Rod Copas, former chairman of the Iroquois County Board, started meeting with Allen and Kraft in 2013, after a local resident asked it to investigate the Ford-Iroquois Public Health Department for improper spending and insider dealings.

He says he first became suspicious of the health department after its administrator announced a plan to move it to Indiana, and once Allen and Kraft got involved, “we had a whole cubby of things that got uncovered.” The health department was eventually shut down.

“The state of Illinois, if you look at what’s going on right now, no one stands up for the law anymore,” Copas said. “Kirk and John, if you look at their body of work, they are diligent about reading the law and understanding the law. You probably won’t find better experts on the Open Meetings Act in the state of Illinois.”

Allen also contends that while the Edgar County Watchdogs focus on the law in relation to government entities’ activities, the mainstream media typically only reports on the activities. He says it becomes a problem when the media fails to notice that those activities are illegal.

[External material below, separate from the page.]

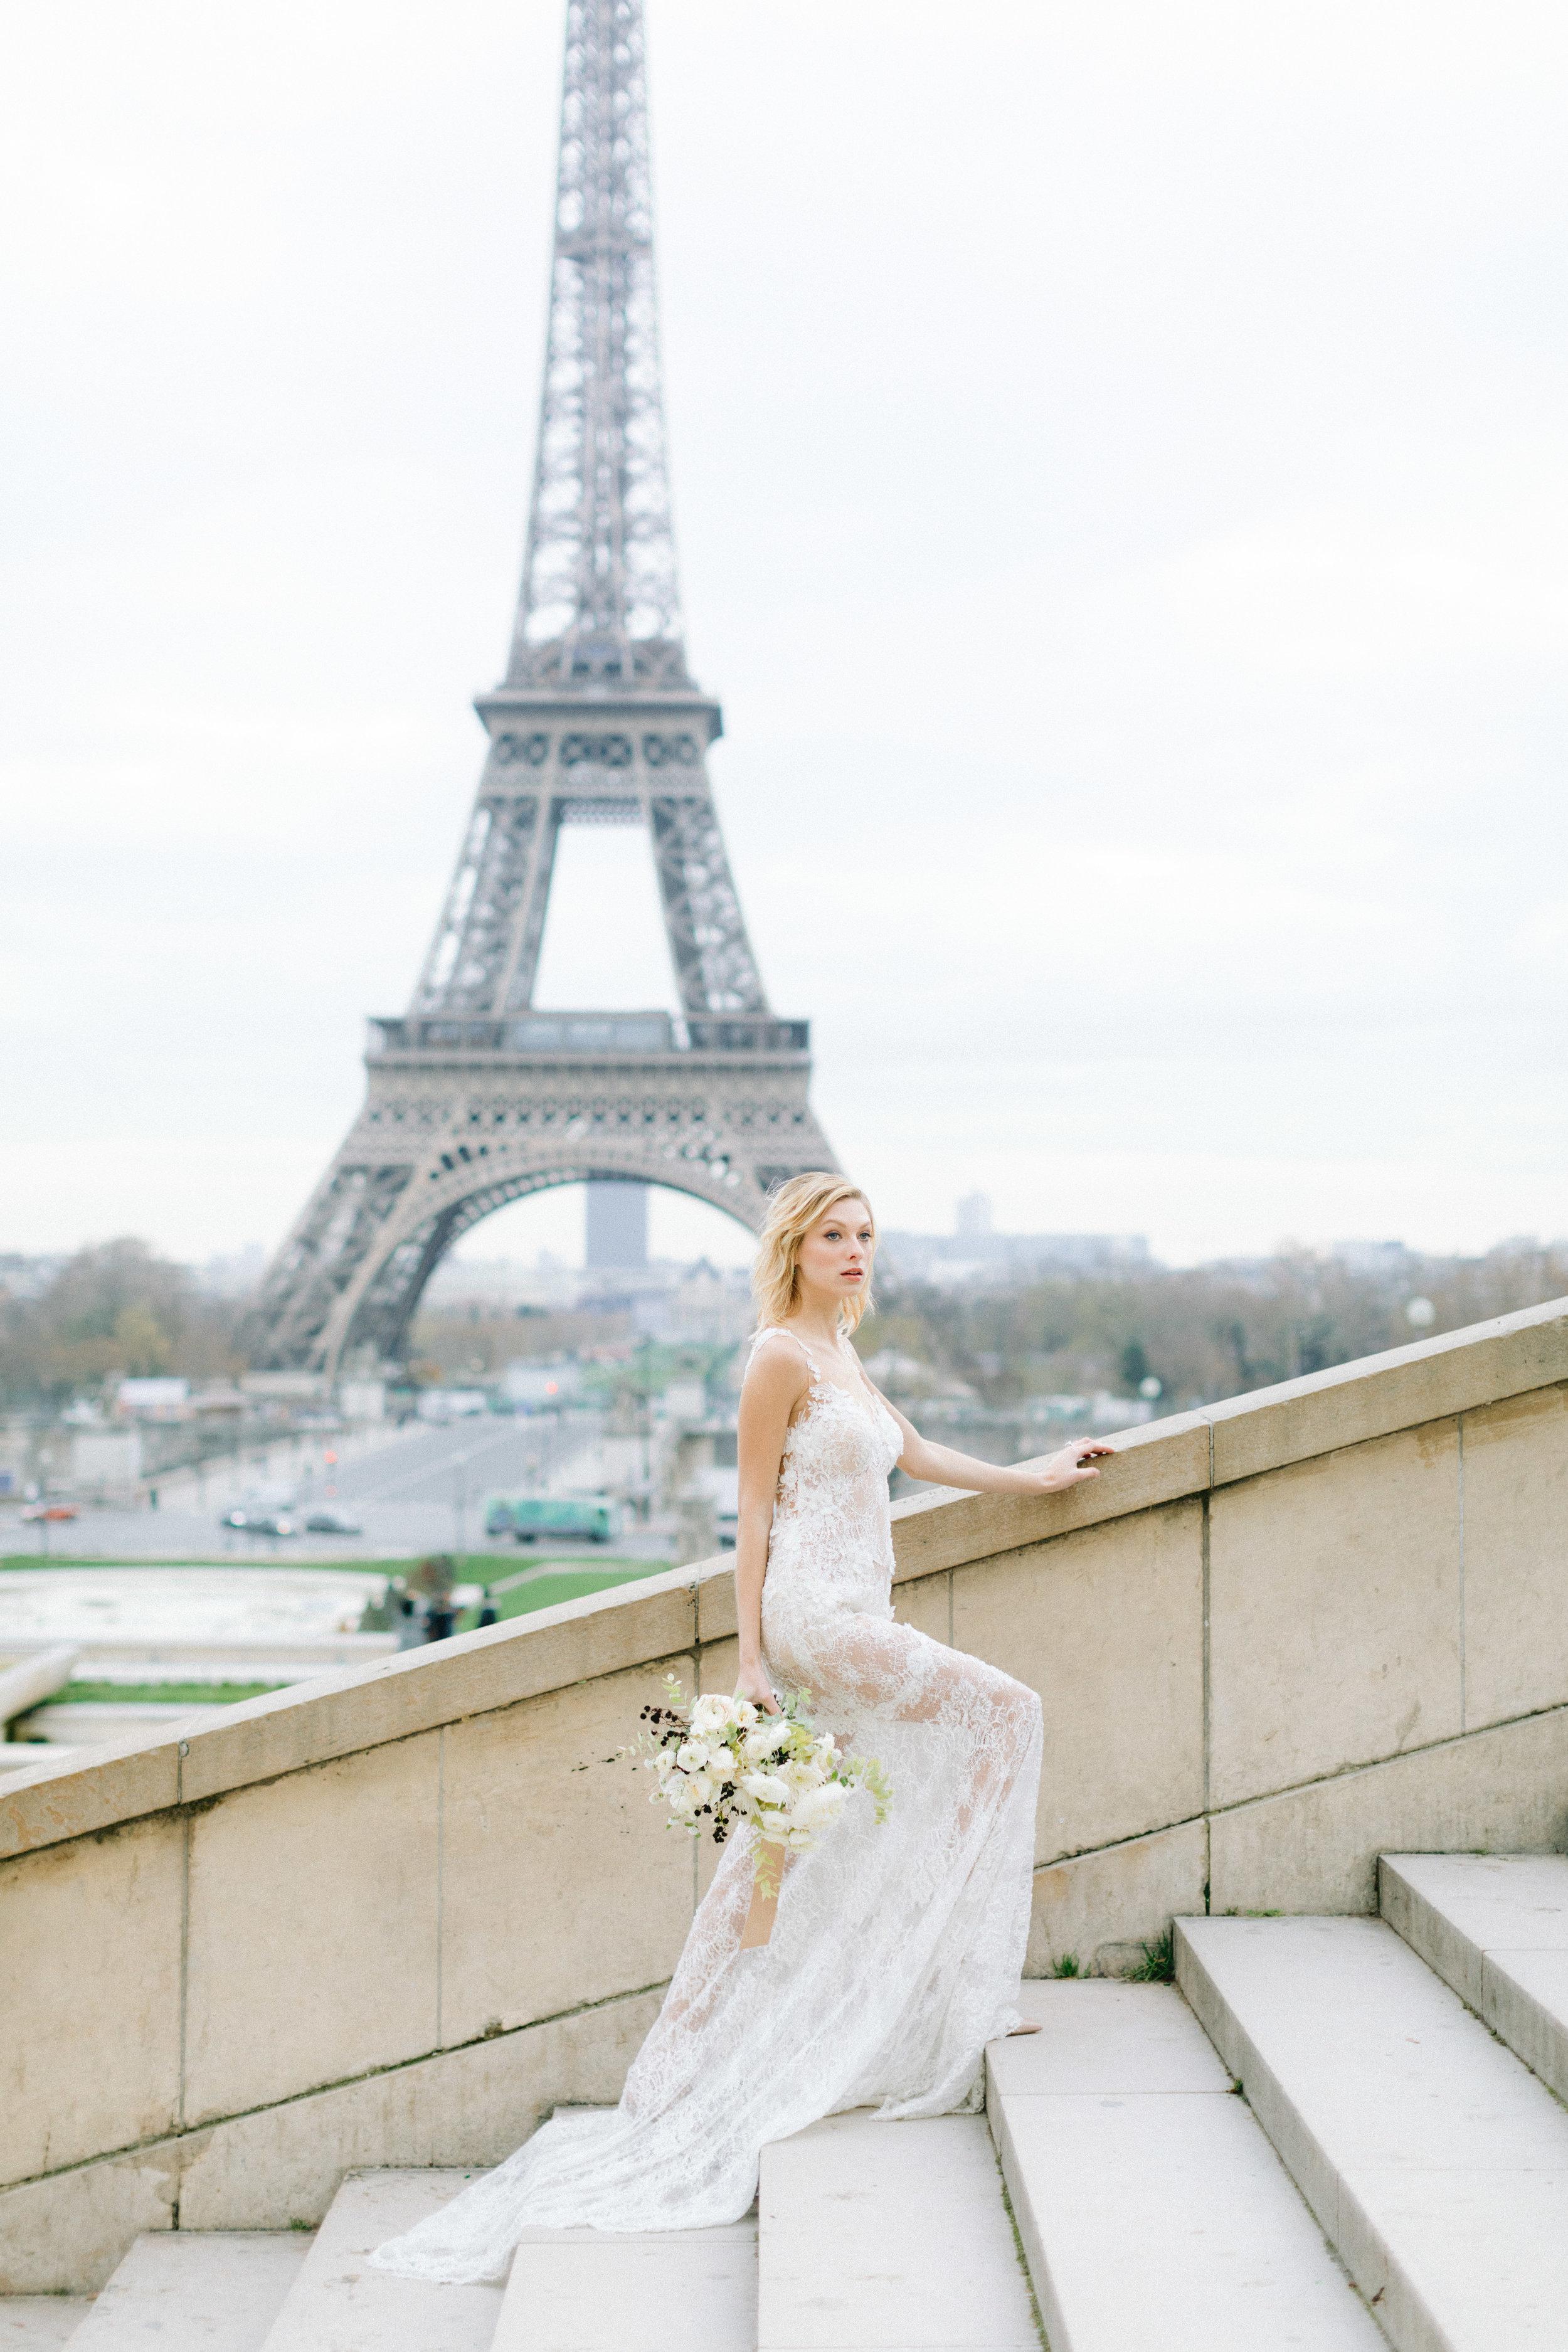 JennyQuicksallPhotography_www.jennyquicksall.com_ParisFranceEditorial_-214.jpg

“Frank Mautino is a perfect example,” he said. “All we did was look at the public records on the State Board of Elections website, at his D-2 filings of where he spends his money.

“If anybody would’ve looked at that, he would’ve never won an election. Even the people running against him didn’t look at his campaign spending.”

Kraft adds that the lack of reporting on public corruption increases in smaller communities. He feels that locally in Paris and Marshall, newspapers typically avoid writing anything negative about public bodies for fear of losing supporters.

“If you depend on local business owners who are most likely tied to public officials for your advertising money, are you going to write things about them and lose your advertising?” Kraft said. “Probably not.”

The Edgar County Watchdogs aim to get other concerned citizens involved in exposing public corruption and offer trainings on how to monitor local government using the FOIA, Open Meetings Act and other statutes that govern public entities. They also have plans to train organizations on a national level in the future.